Sigmond et al. (2008) examined the atmospheric circulation response to CO2 doubling in high-top and low-top versions of a global atmospheric model. The physical parameterizations in each version of the model were first tuned to produce the most realistic present-day simulation. They showed that the response of the low-top model to doubled CO2 is significantly different from that of the high-top model, and that this difference is most clearly attributed to the different setting of topographic gravity wave parameterizations in the two versions rather than the direct effect of the different model-top heights.

Charlton-Perez et al. (2013) used a somewhat different approach to this issue by surveying the stratospheric climate and variability simulations from a large number of different CMIP5 models and then looking among the models for systematic dependence on the height of their top boundaries.
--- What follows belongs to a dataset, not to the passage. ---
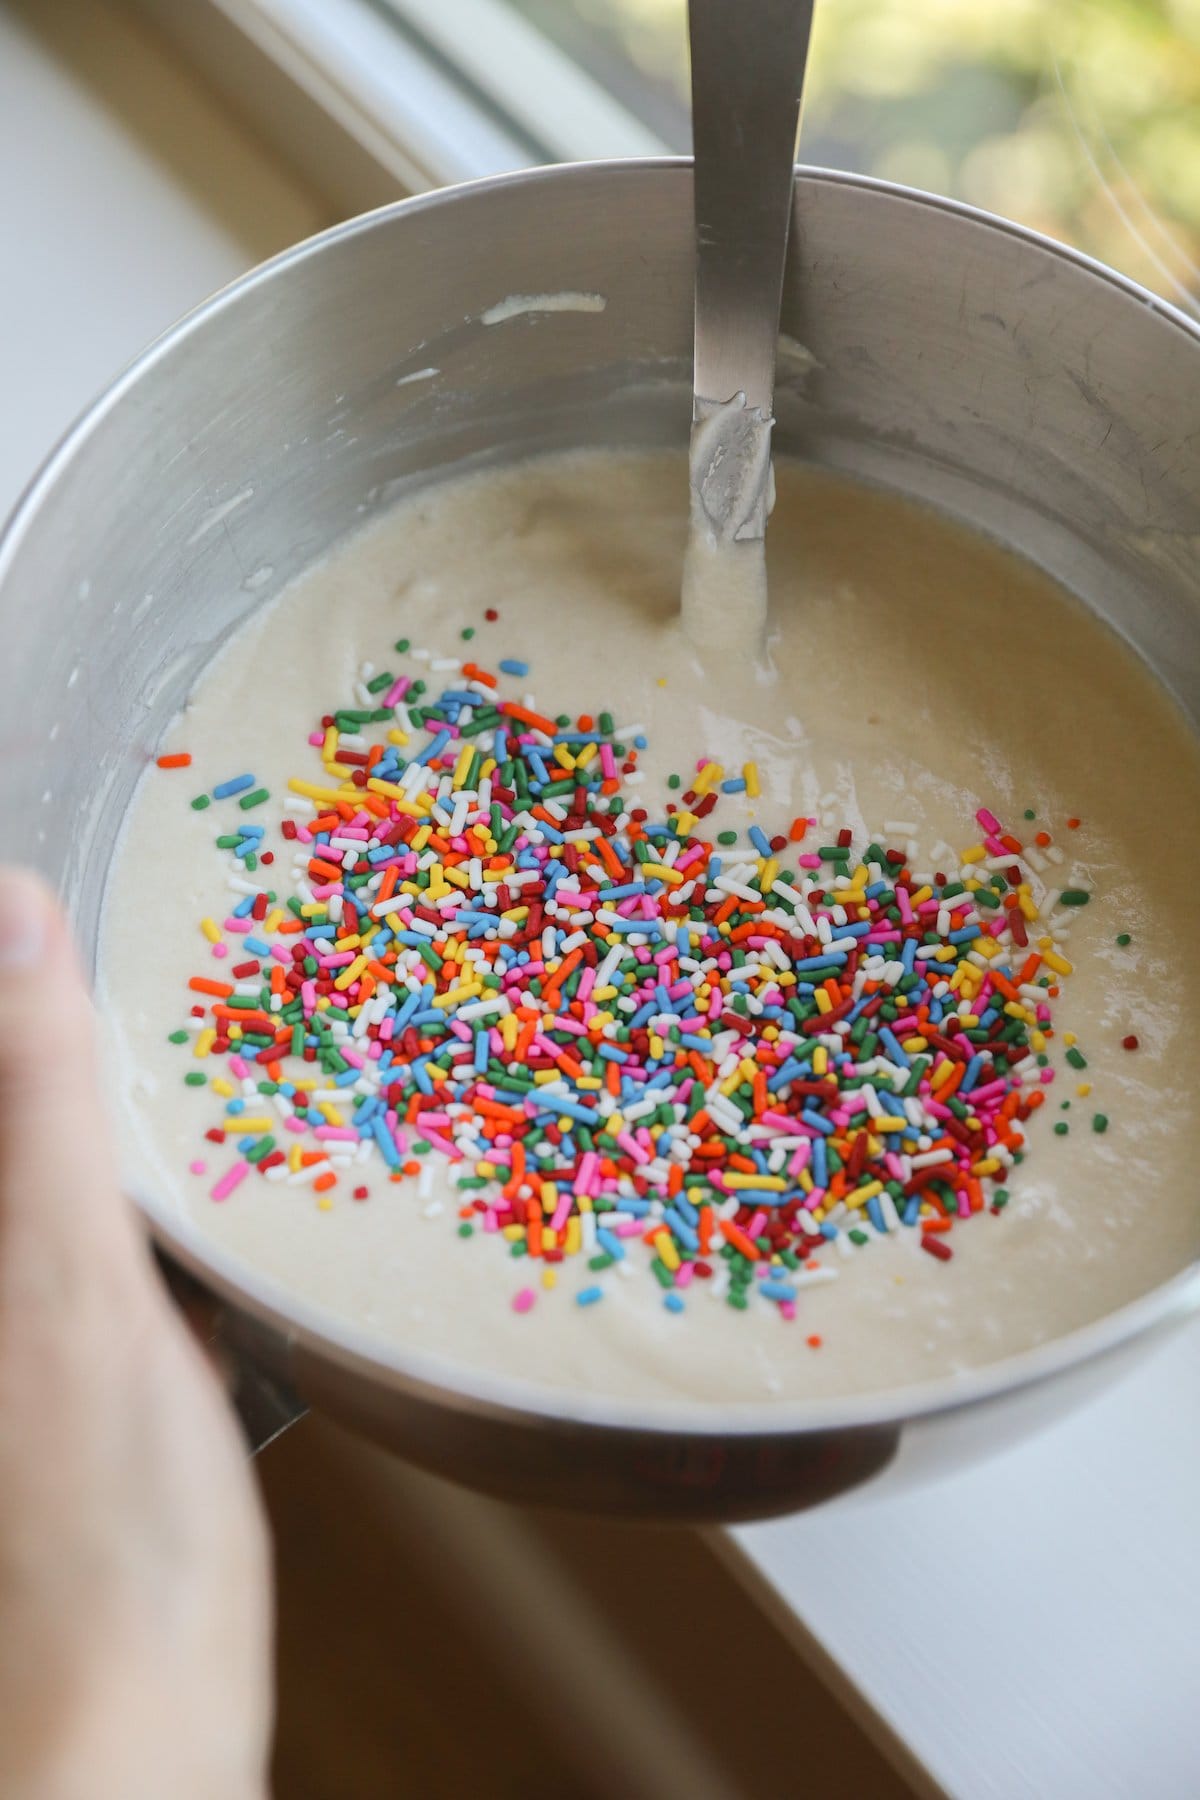 cake batter in bowl with sprinkles on top not folded in yet
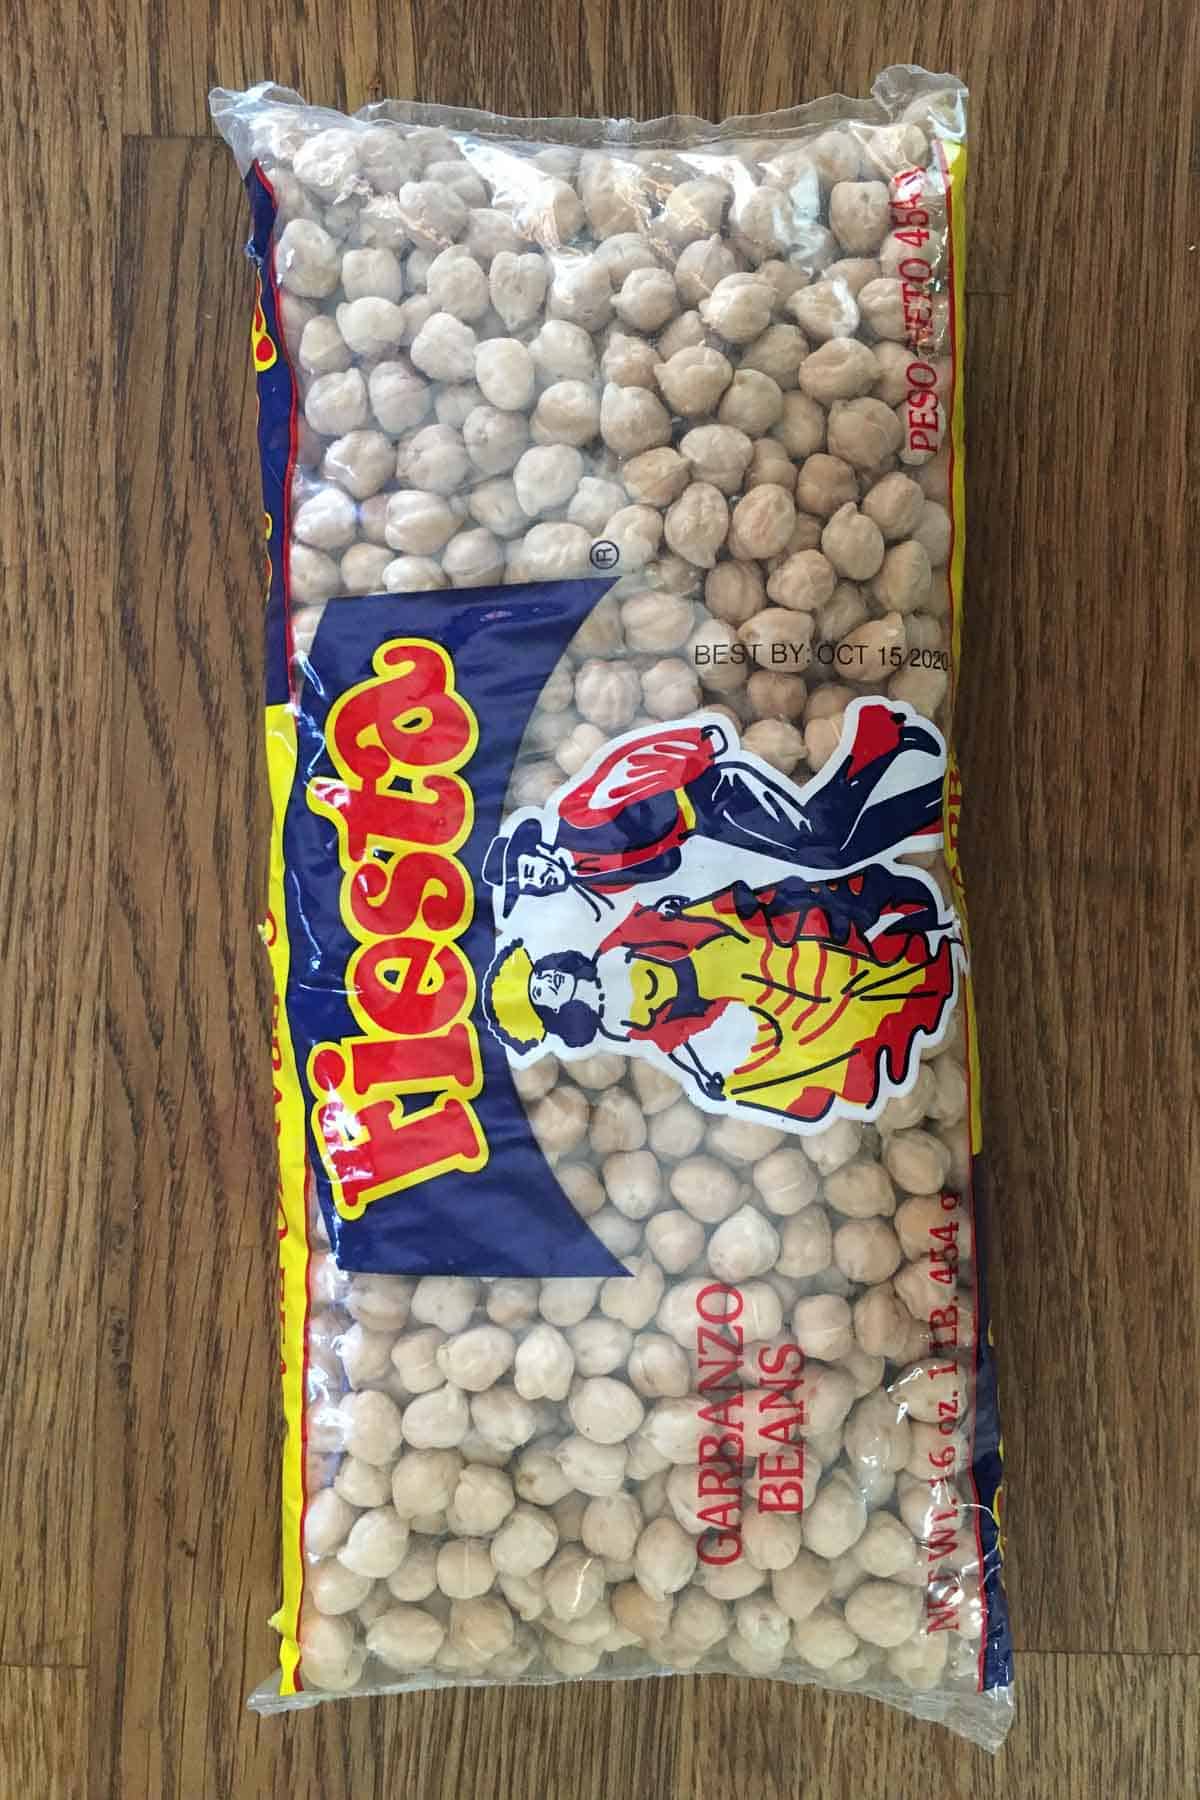 1 pound bag of dried chickpeas in package

They showed that, although the mean stratospheric climate appears insensitive to the model-top height, the low-top models generally have very weak stratospheric variability on daily and interannual time scales. However, the lack of stratospheric variability did not appear to have any impact on the ability of the low-top models to reproduce past stratospheric temperature trends. Of course, there are clear limitations to such an approach as the effects of the different physical parameterizations used in each model cannot be removed (e.g., Manzini et al. 2014).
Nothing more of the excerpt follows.